Por Salvador Martínez MásTiempo de lectura2 min
Internacional08-06-2003

Son 32 meses de violencia, 3.500 víctimas, recesión económica en Israel, miseria en Palestina y suicidios como vía de venganza a la ocupación ilegal Israel. Son sólo algunos de los datos que hasta ahora pesan sobre las negociaciones para la paz en Oriente Próximo.
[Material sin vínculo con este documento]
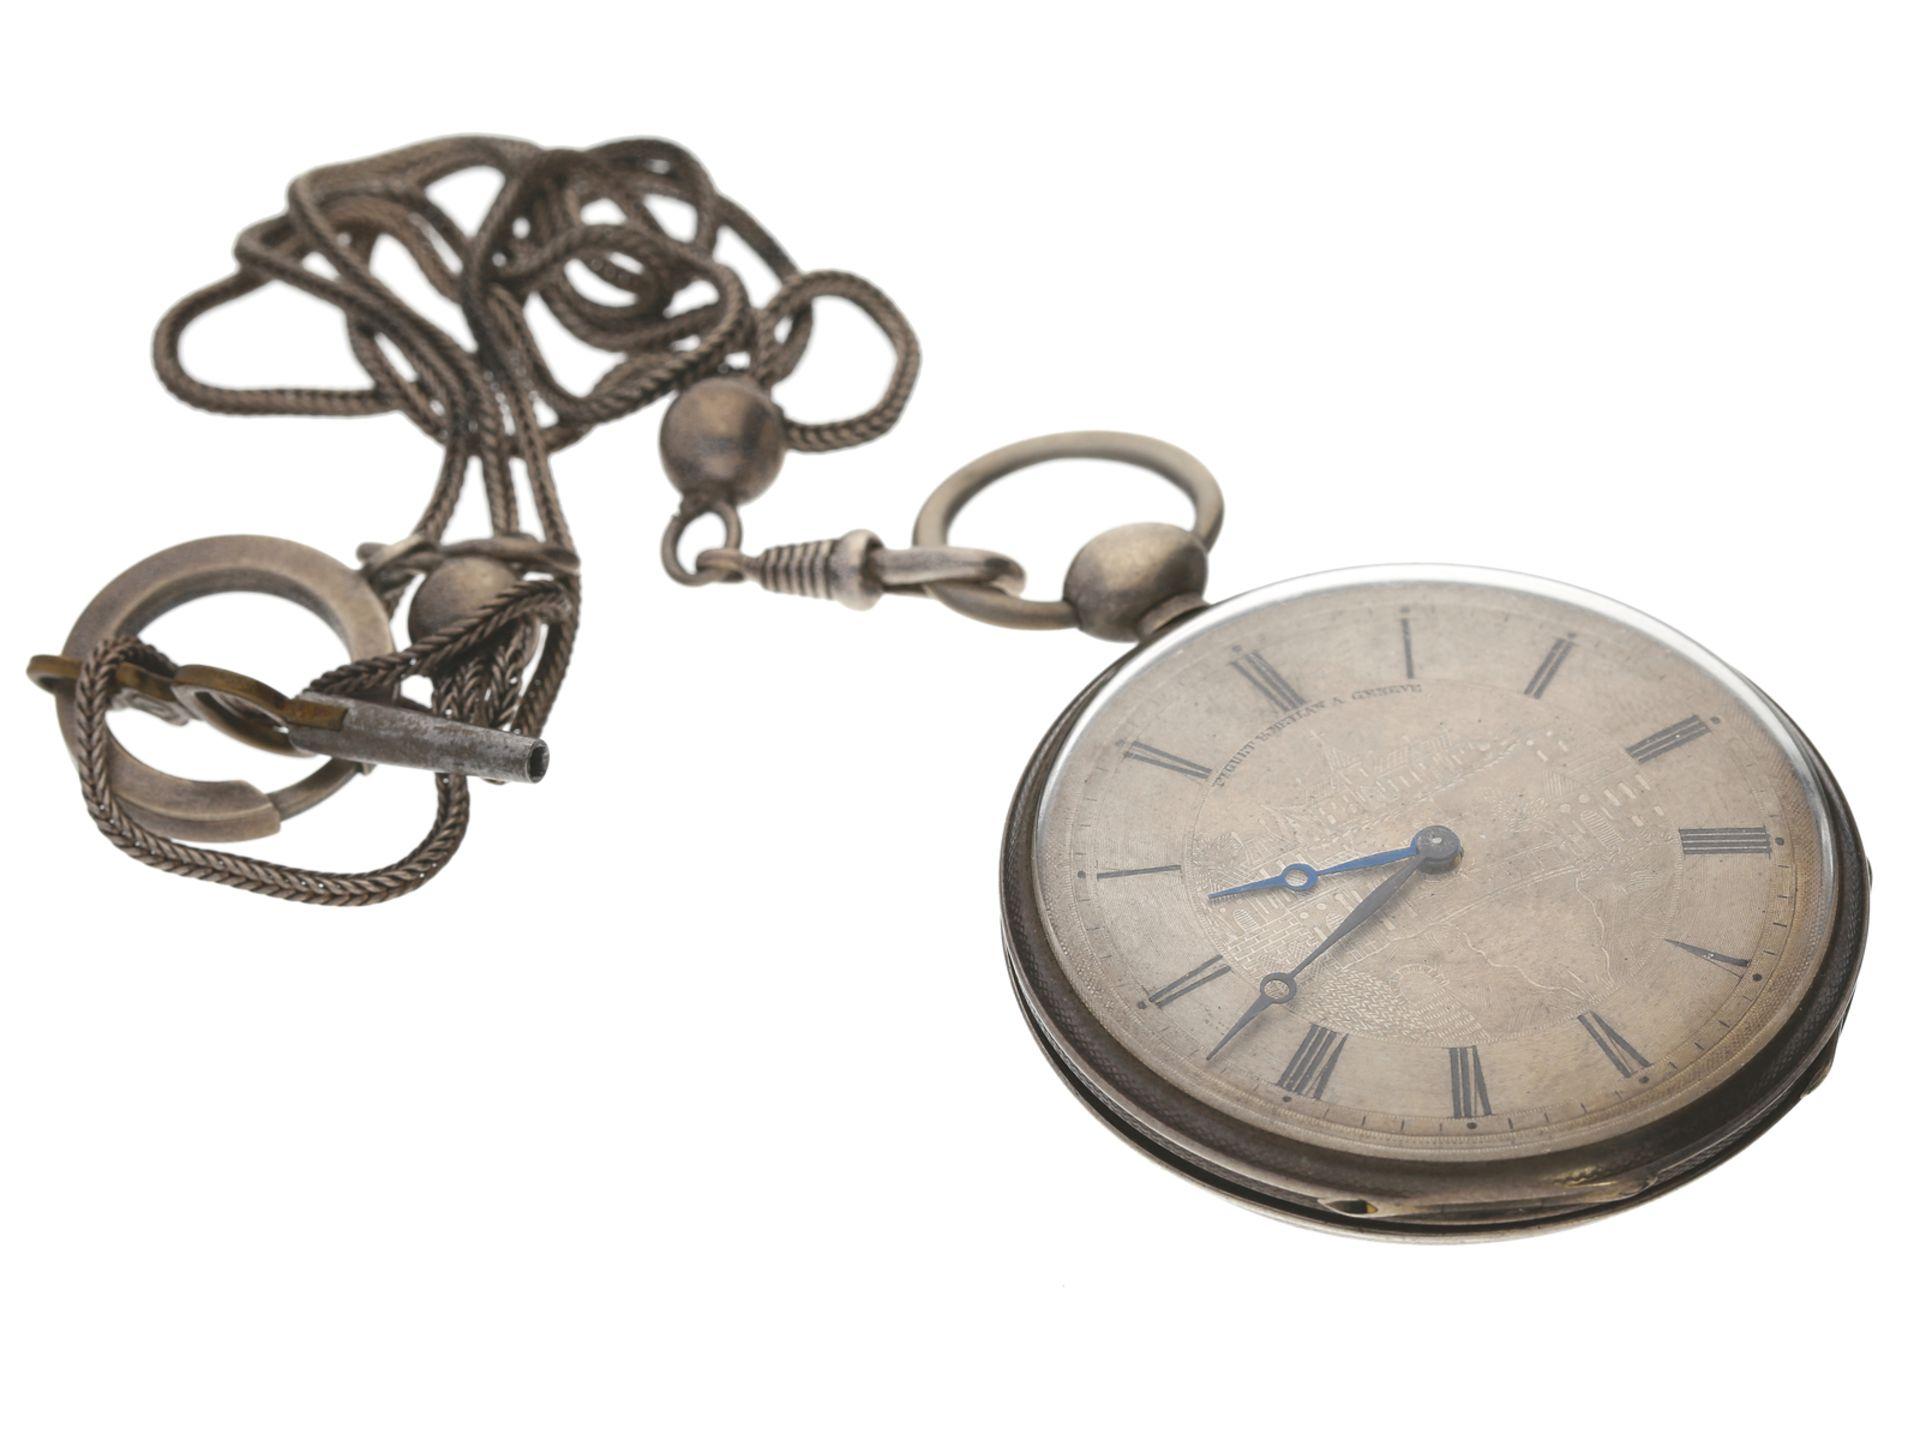 Taschenuhr: feine Genfer Lepine mit dazugehöriger Uhrenkette, Piguet & Meylan, um 1840<br /

La pasada semana se reunieron en el puerto jordano de Aqaba, los premiers israelí y palestino, Ariel Sharon y Abu Mazen. Fueron de la mano del portador de la visión de la región en paz: el presidente estadounidense, George W. Bush. La reunión precisó de una toma de contacto que tuvo lugar un día antes en Sharm el Seij, Egipto. En las declaraciones públicas del pasado miércoles hubo poco diálogo, pero muchas declaraciones de intenciones. El primer ministro palestino dejó claro que “no hay solución militar al conflicto”. También dijo que en su Administración se van a “utilizar todos los esfuerzos y todos los recursos para poner fin a la militarización de la intifada”. Tarea difícil: dos días después de la muestra de buena voluntad de Mazen, la organización Hamás decía a través de uno de sus dirigentes en Gaza, Abdelaziz Rantisi: “Abu Mazen no nos representa y lo único que ha hecho es comprometerse a algunas cosas que ni Hamás ni el pueblo palestino está dispuesto a aceptar”. Esta organización veía morir a dos de sus integrantes el pasado jueves y otros dos el viernes por asesinatos del Ejército israelí. Ariel Sharon, mantuvo el protocolo al dar la mano a Mazen tras la reunión, tuvo gestos como liberar a presos que llevaban en la cárcel desde 1975 y reos preventivos (detenidos sin cargos), y habló del desmantelado inminente de los asentamientos ilegales. A pesar de ello, no pudo impedir el malestar de una parte importante de su comunidad. Sobre todo, de los electores de los partidos con los que coaliga el Likud y que mantienen a Sharon como jefe del Ejecutivo, como el Partido Nacional Religioso. El líder de este partido, el diputado y ministro de la Vivienda, Effi Eitam, se manifestó junto con otros 20.000 ciudadanos para pedir a su Gobierno que no siguiese el camino a la Paz que describe la Hoja de Ruta.